__What the task requires__: Taking the entries below, transcribe only the lines starting with the one with "Сертификация красок и" and going on through the one with "Front ceramic disc", exactly as written, without the pictures.

__Records provided__:
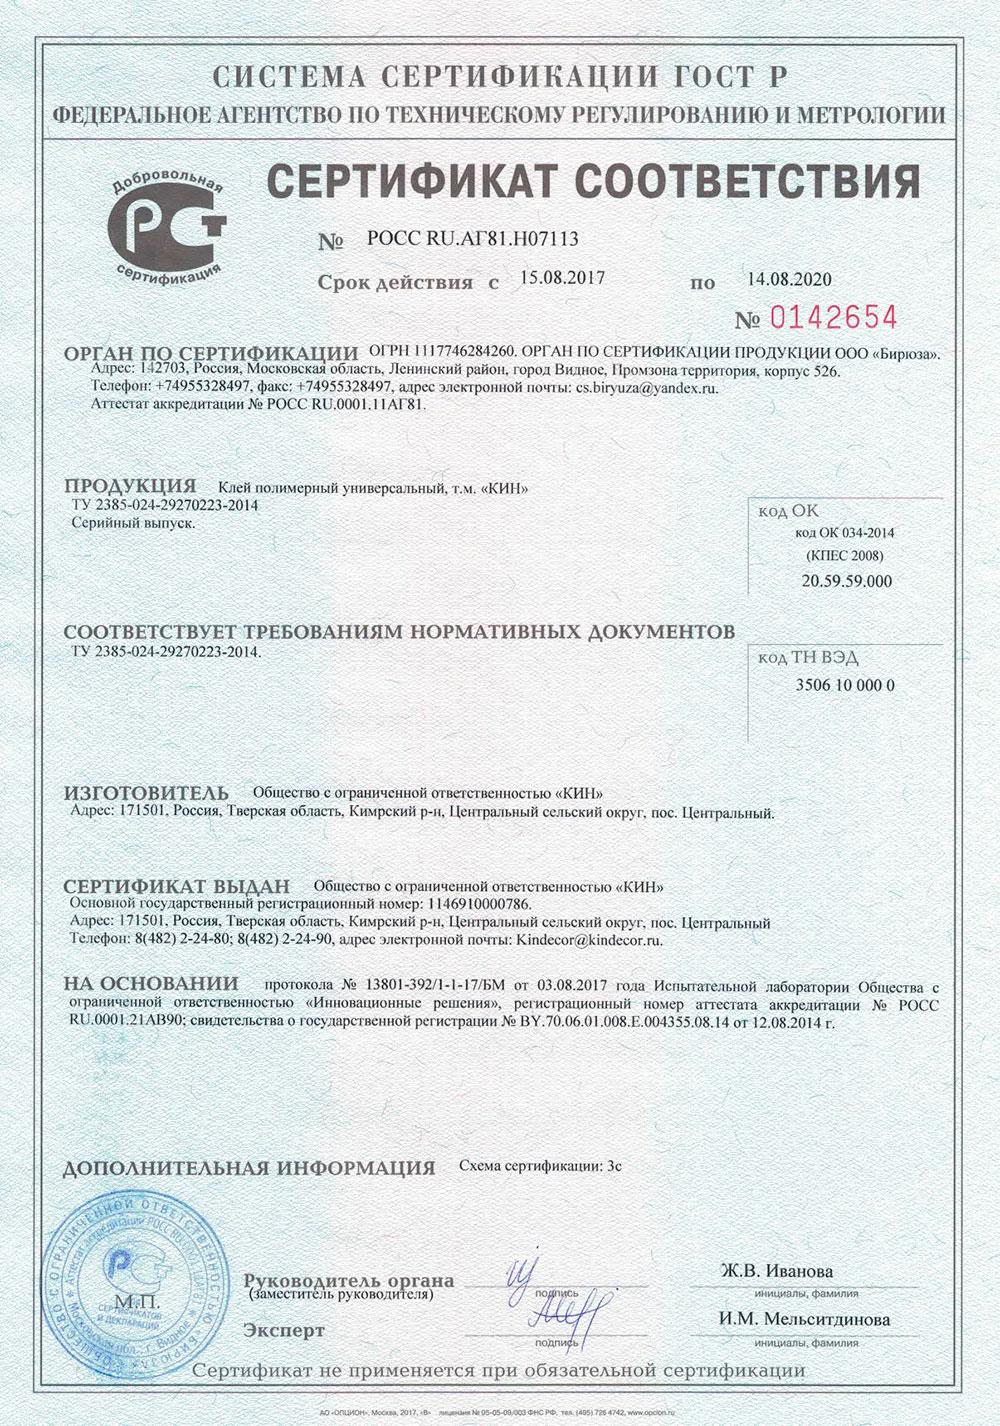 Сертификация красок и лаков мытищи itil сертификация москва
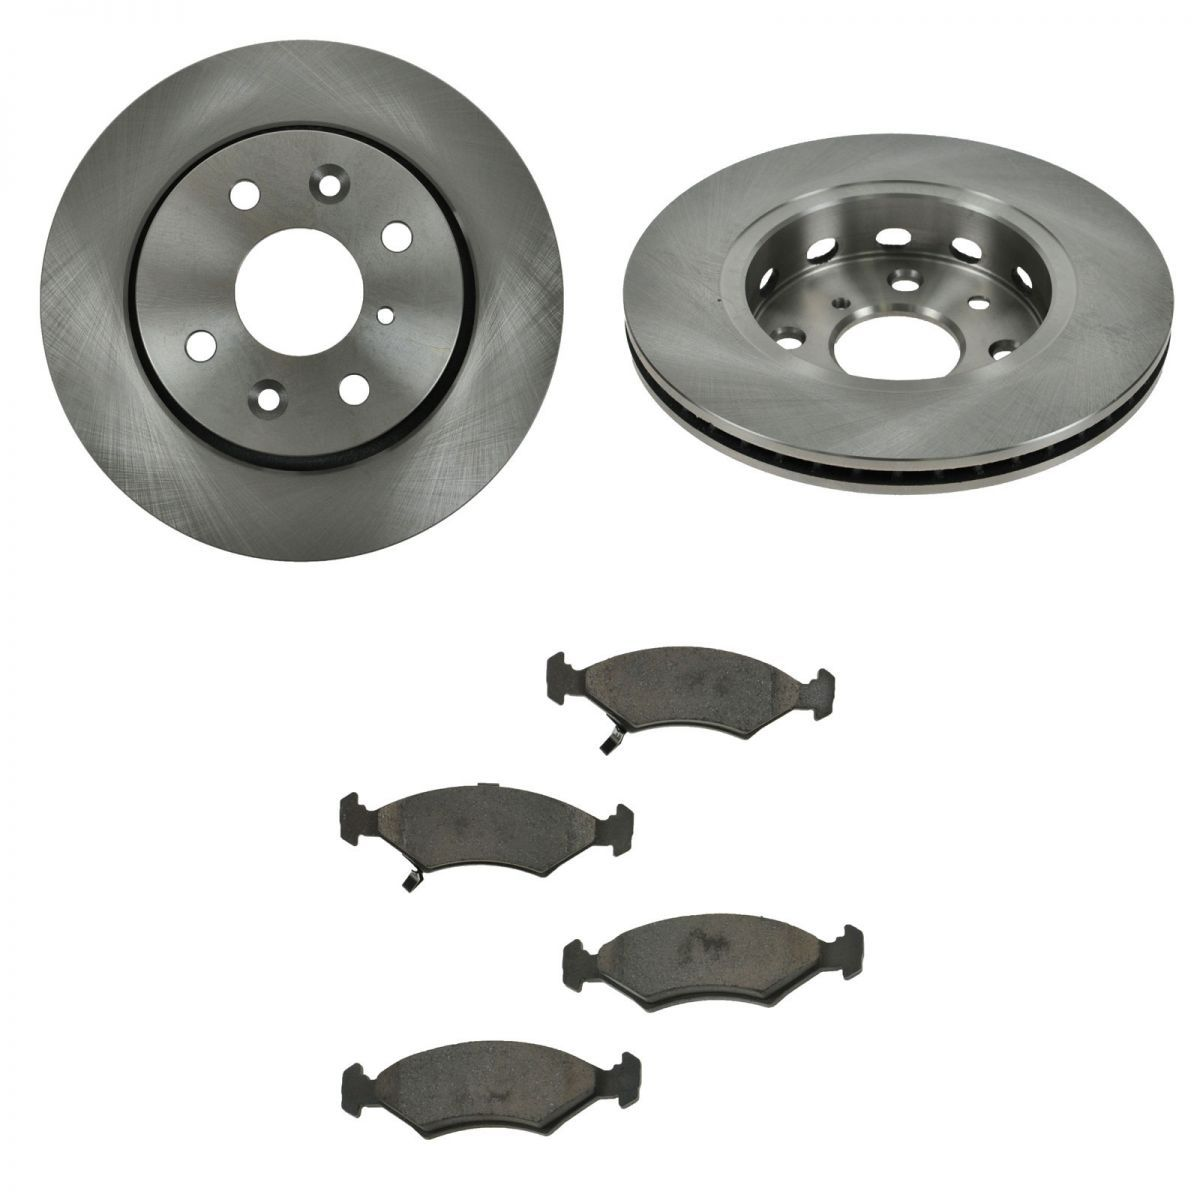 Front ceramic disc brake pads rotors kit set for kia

--

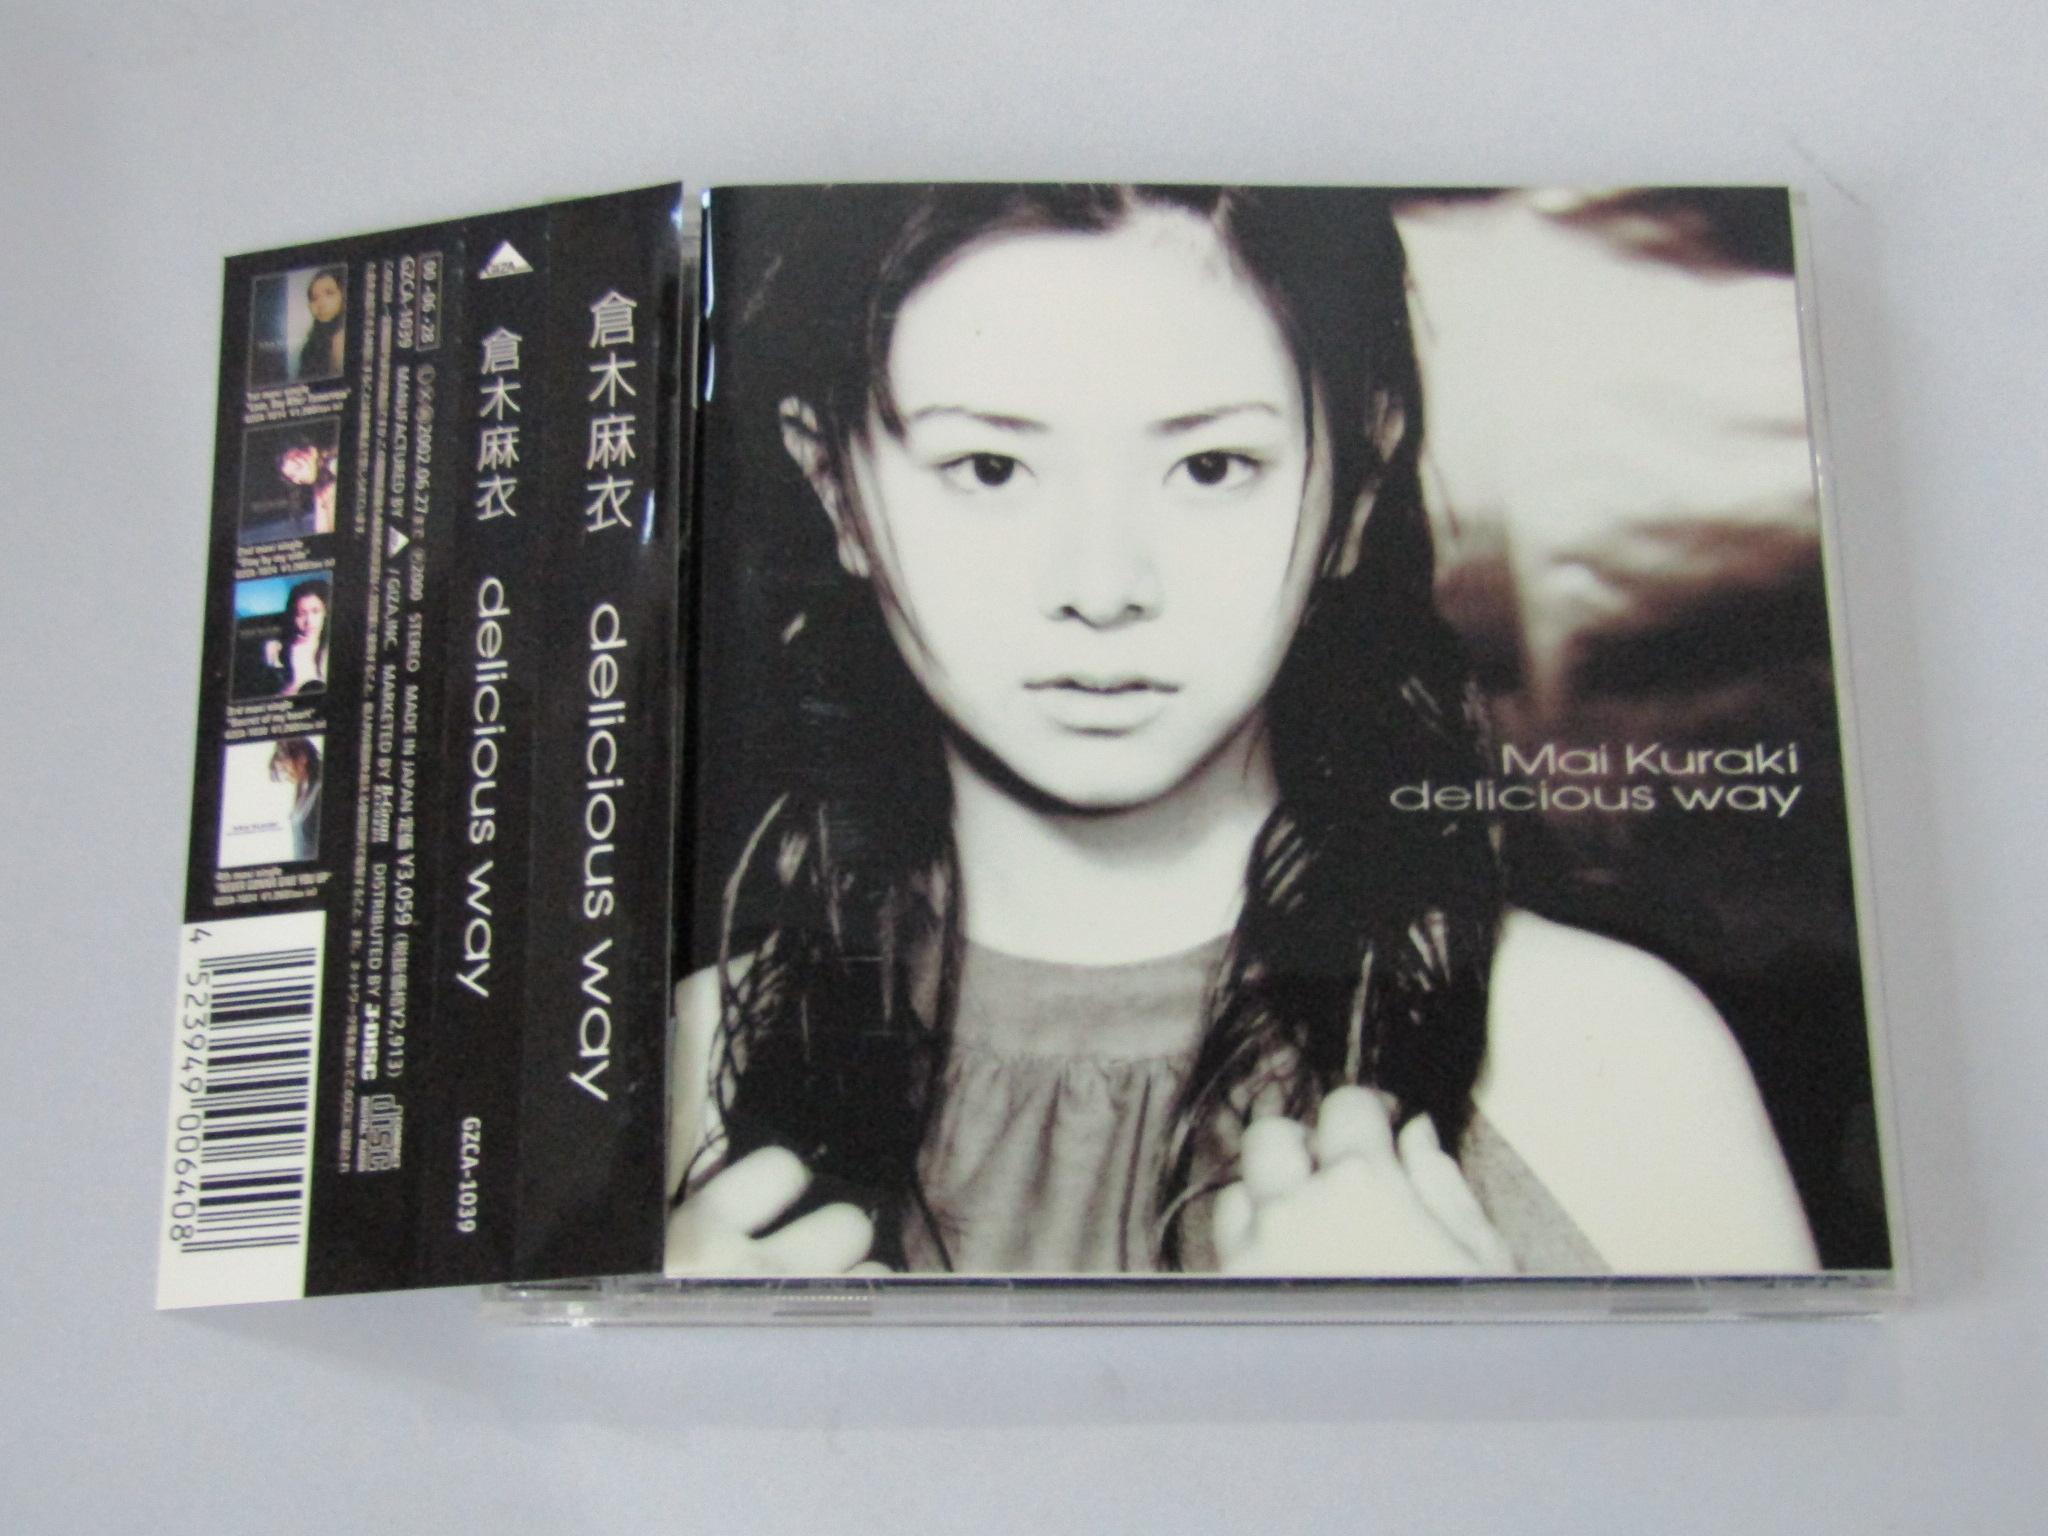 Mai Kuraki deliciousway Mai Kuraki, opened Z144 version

* * *

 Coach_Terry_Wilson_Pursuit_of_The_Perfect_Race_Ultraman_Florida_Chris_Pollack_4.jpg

__Answer__:
 Сертификация красок и лаков мытищи itil сертификация москва
 Front ceramic disc brake pads rotors kit set for kia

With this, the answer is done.